While I'm sympathetic with this position, this would mean that stuff like
IntStream map(IntFunction<T>)
<Z> Stream<Z> map(Function<T, Z>)
map(x->1);
would work, while the following 'static' variant:
<U> IntStream map(Stream<U> s, IntFunction<U>)
<U, V> Stream<V> map(Stream<U>, Function<U, V>)
Stream<String> ss = ...
map(ss, x->1);
Would _not_ work. And it feels a bit weird - if the first case is deemed
important, the second is equally important - it's just same example in a
different style.
Then I guess next step would be to say - obviously javac can see what
'U' is by looking at the input stream. Which is essentially where we
were: in this case instantiating U is fine but there are cases
(Comparators.comparing) where it's not ok. And it seems like not
everybody is comfortable in making those subtle distinctions.
It's obviously a problem of 'where to draw the line'. But there are
advantages in scaling back a bit and give up a bit of expressiveness as
the model you get is much simpler to explain and so are its boundaries.
This property is not to be underestimated.
Note that the 'same parameter' rule you are advocating for requires
global reasoning: to see whether a lambda can be type-checked you have
to consider all matching signatures and see if they impose same
parameter on the implicit lambda. This can be trivial to see in simple
examples (such as map) - but what if the example is more convoluted?

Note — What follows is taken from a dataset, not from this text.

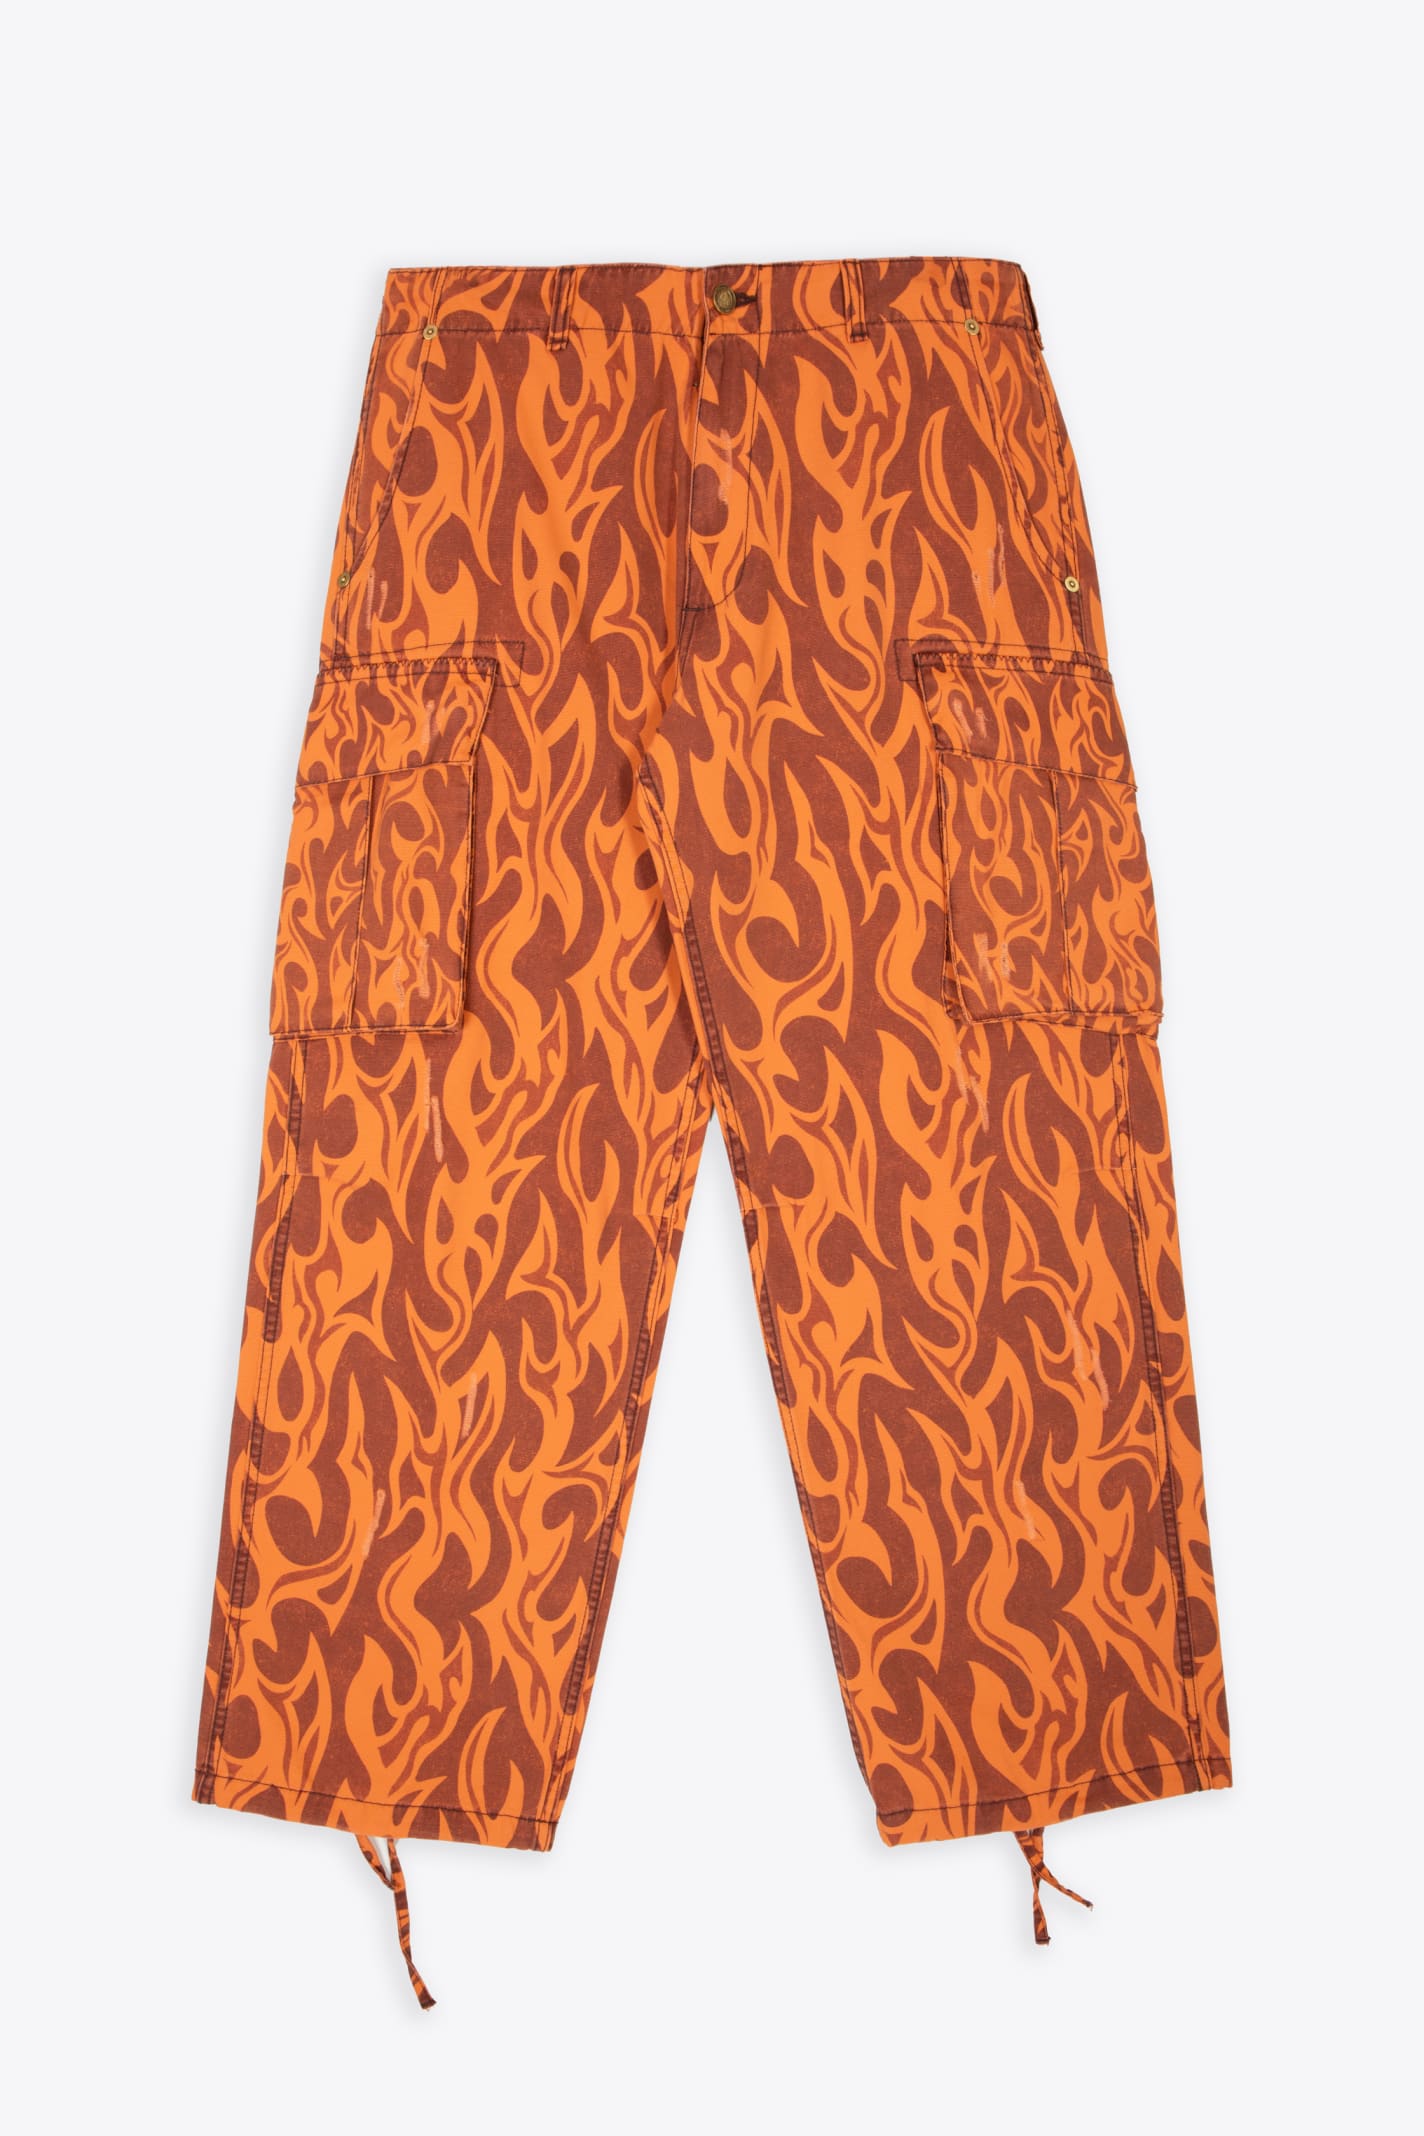 Unisex Printed Cargo Pants Woven Orange Canvas Printed Cargo Pant - Unisex Printed Cargo Pants Woven
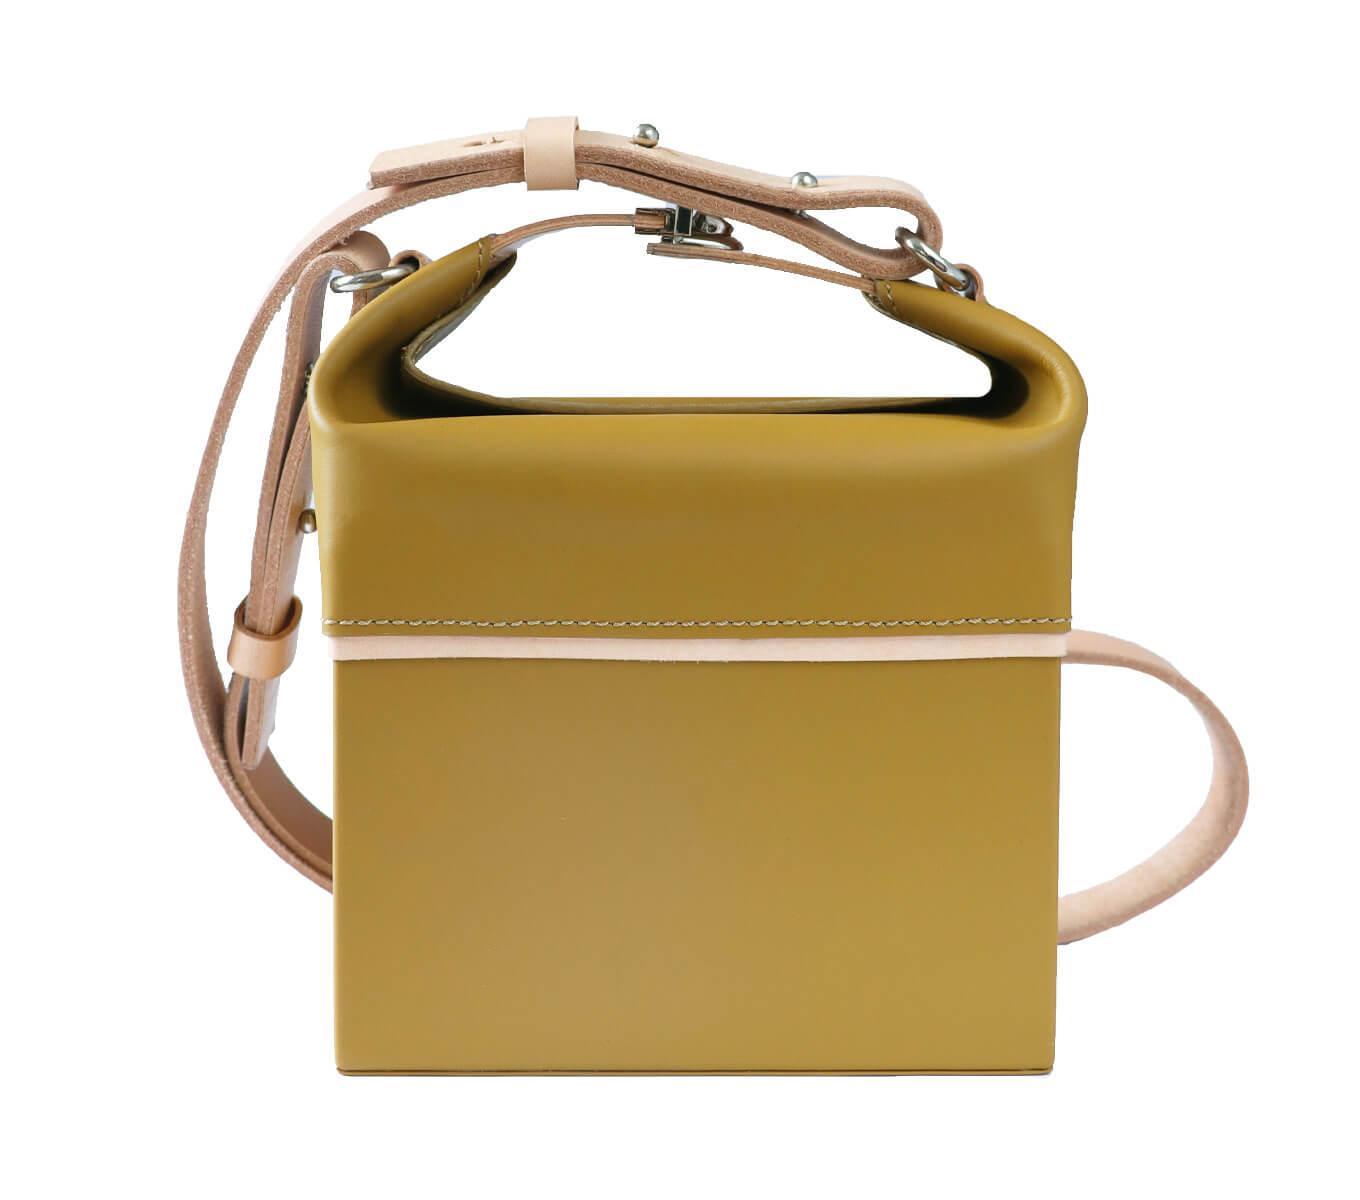 Buy the Lotus ladies' Mirabel handbag online at www.lotusshoes.co.uk

I.e. many overloads? Or different sam types using different ordering for
type parameters i.e.
Function1<X, Y> {
Y apply(X x)
}
Function2<X, Y> {
X apply(Y x)
}
I believe that in such cases (or even more complex ones with nested SAM
types as type-parameters) we'll be essentially at compiler's mercy -
i.e. it would be very hard to judge whether a method call would succeed
w/o trying it first on javac. And that's bad too.